In a company statement, Aetna said its sympathies were with the Cunninghams, but that the public court record showed it had followed the proper procedures in the case. Aetna covered “proven safe and effective” radiation therapy, but the Cunninghams chose to instead pursue the proton beam therapy, for which there is a lack of clinical data, according to the statement.
Aetna’s denial was upheld through two levels of internal appeal, as well a review by an independent radiation oncologist — a review that was not permitted to be used at trial, according to the statement.
Aetna’s statement said it had no comment on “juror motives” or a potential appeal, but wanted to be clear that it followed the proper steps in denying the coverage.
The Cunninghams filed their suit on May 18, 2015, alleging that Aetna owed coverage under Ron Cunningham’s policy, which he obtained as an Oklahoma City firefighter. Orrana Cunningham was receiving treatment at Houston’s M.D. Anderson Cancer Center, and the doctors there recommended the proton beam treatment, according to their complaint.

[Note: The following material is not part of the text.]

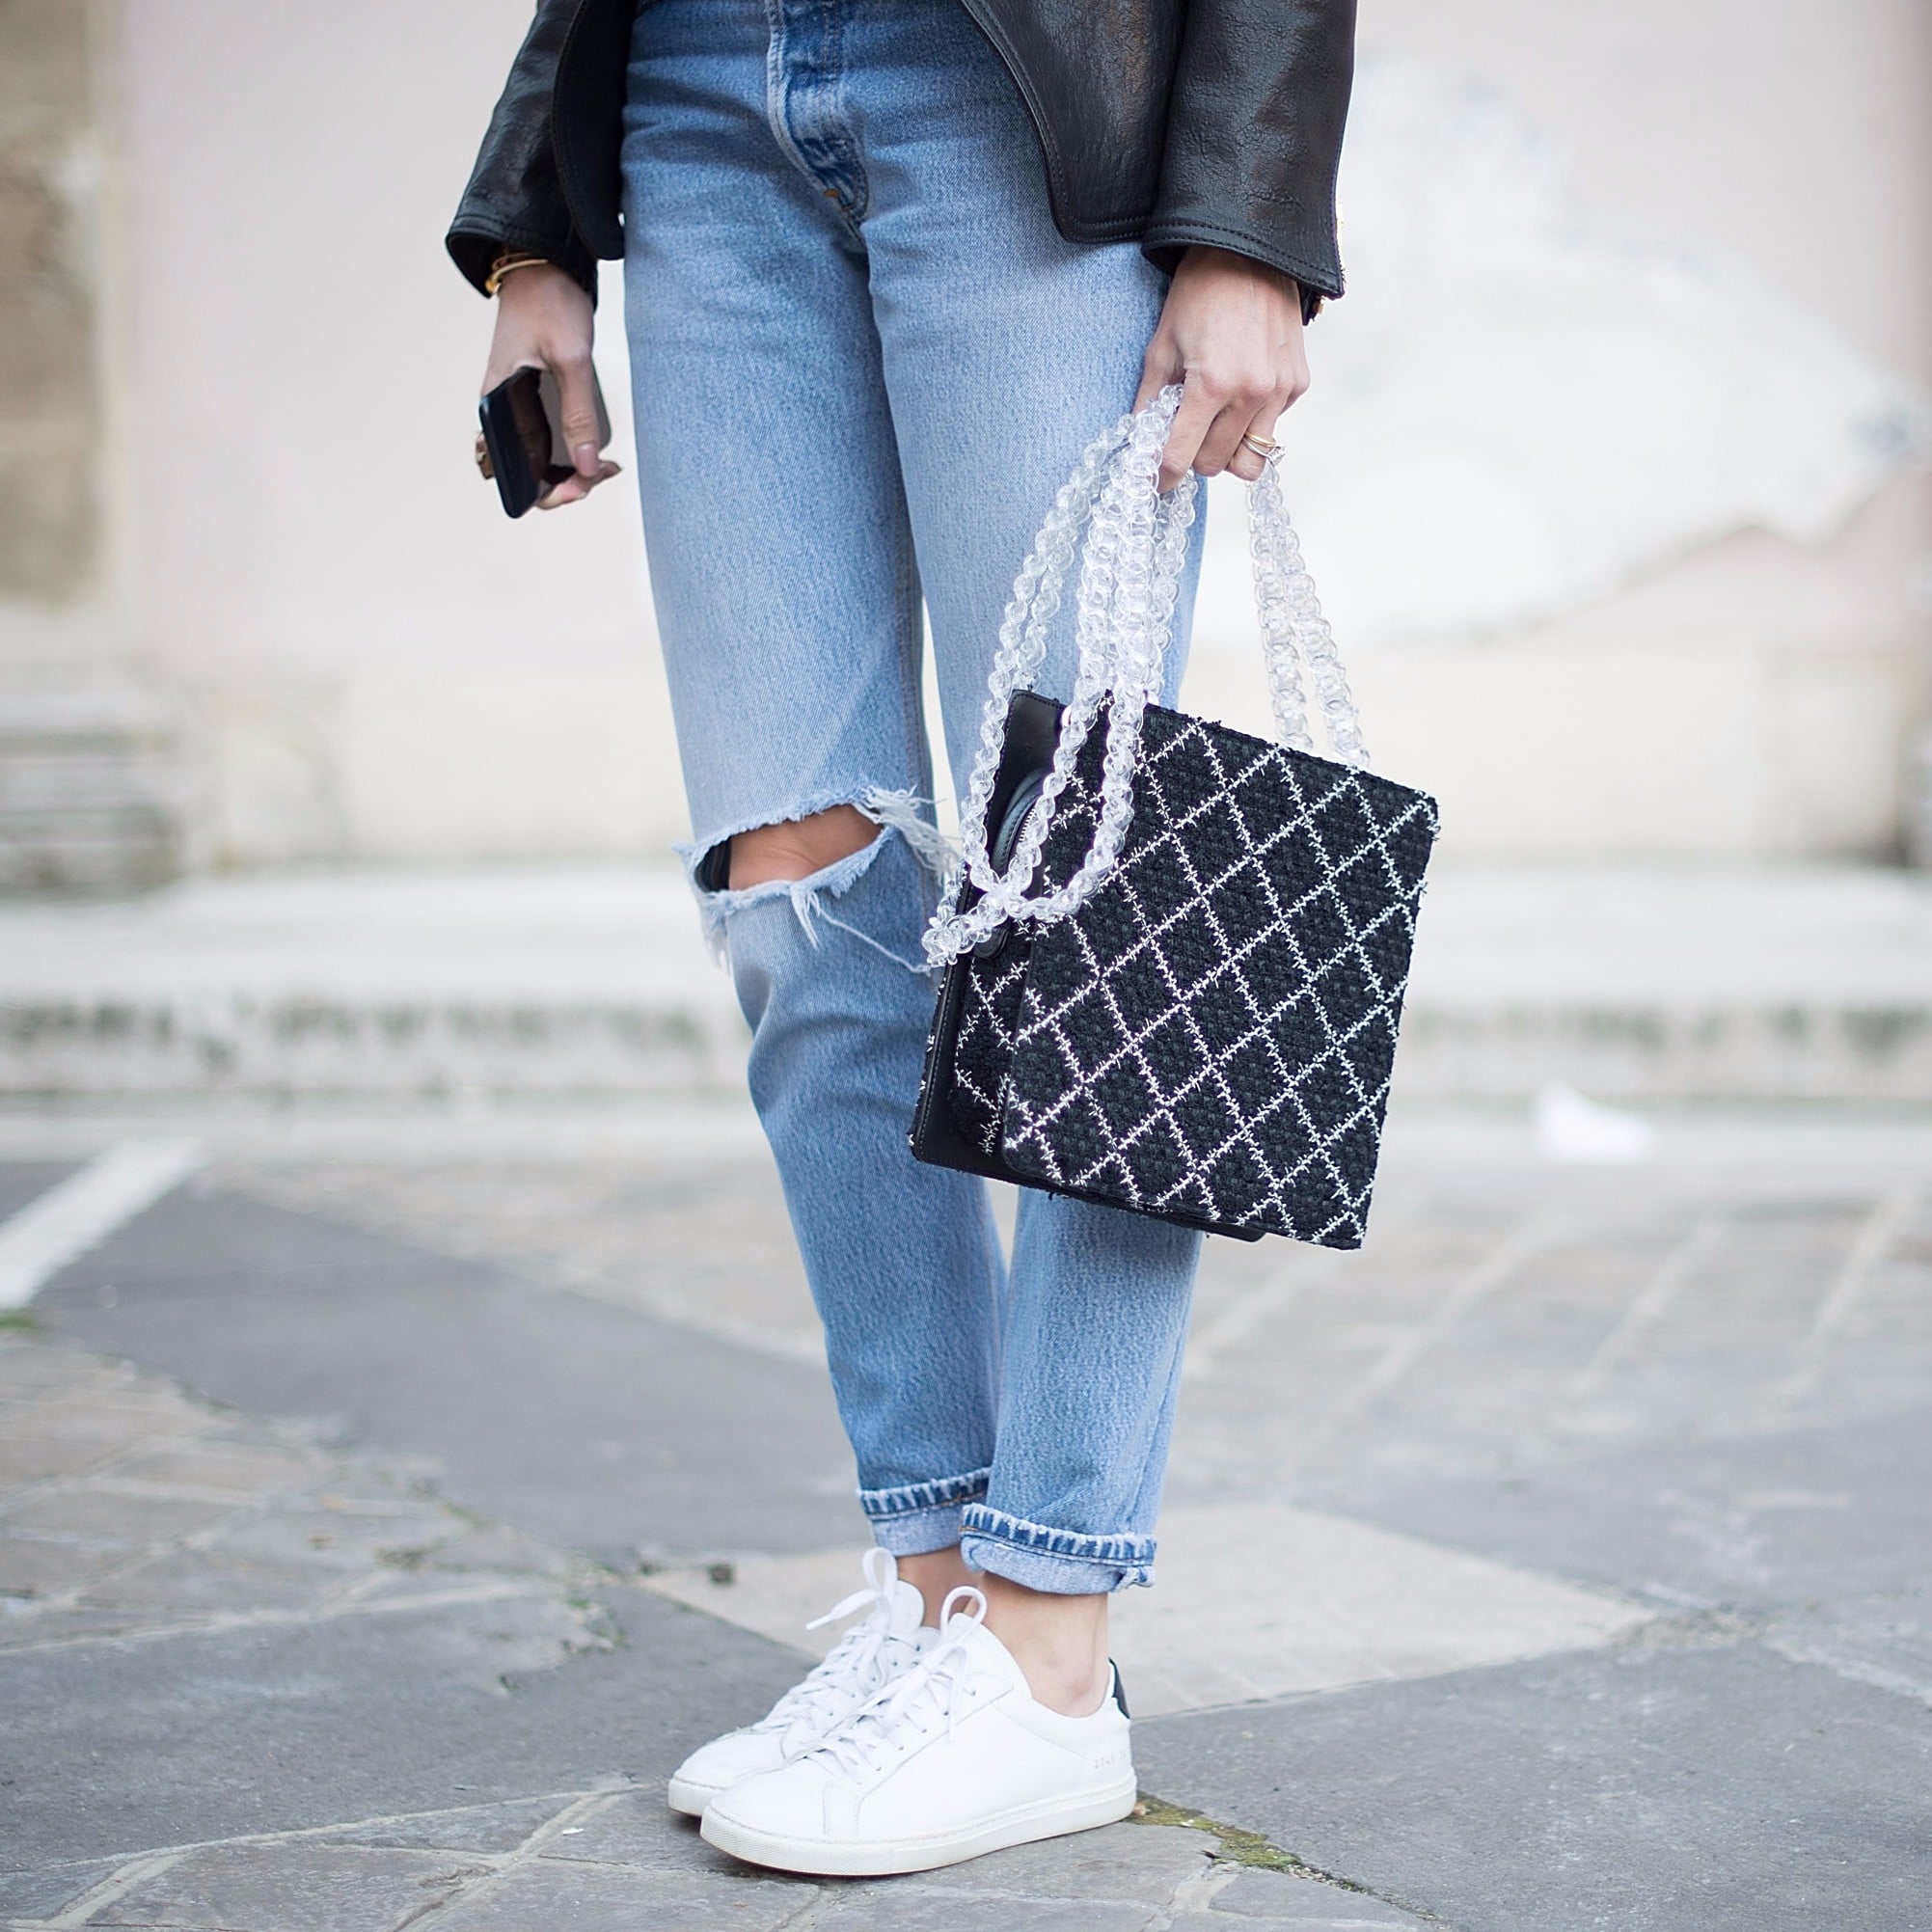 Best Shoes To Wear With Jeans | Popsugar Fashion

Ron Cunningham mortgaged the farmhouse he had built with his wife in Meeker, Oklahoma, to obtain the roughly $90,000 he needed to pay out-of-pocket for the proton beam therapy, and after receiving the treatment his wife was improving and was released from the hospital, according to Terry.
On May 30, 2015, Orrana Cunningham died at age 54 of a viral infection that entered her brain and caused her brain stem to rupture, according to Terry.
The plaintiffs are represented by Doug Terry of Doug Terry Law and Justin D. Meek and Tom Paruolo of DeWitt Paruolo Meek.
Aetna is represented by John B. Shely and Laura Trenaman of Hunton Andrews Kurth LLP, Leasa M. Stewart of GableGotwals and Frederick P. Santarelli, Stewart J. Greenleaf Jr. and Sherine N. Bedlako of Elliott Greenleaf PC.
The case is Ron Cunningham et al. v. Aetna Life Insurance Company, case number CJ-2015-2826 in the District Court of Oklahoma County, State of Oklahoma.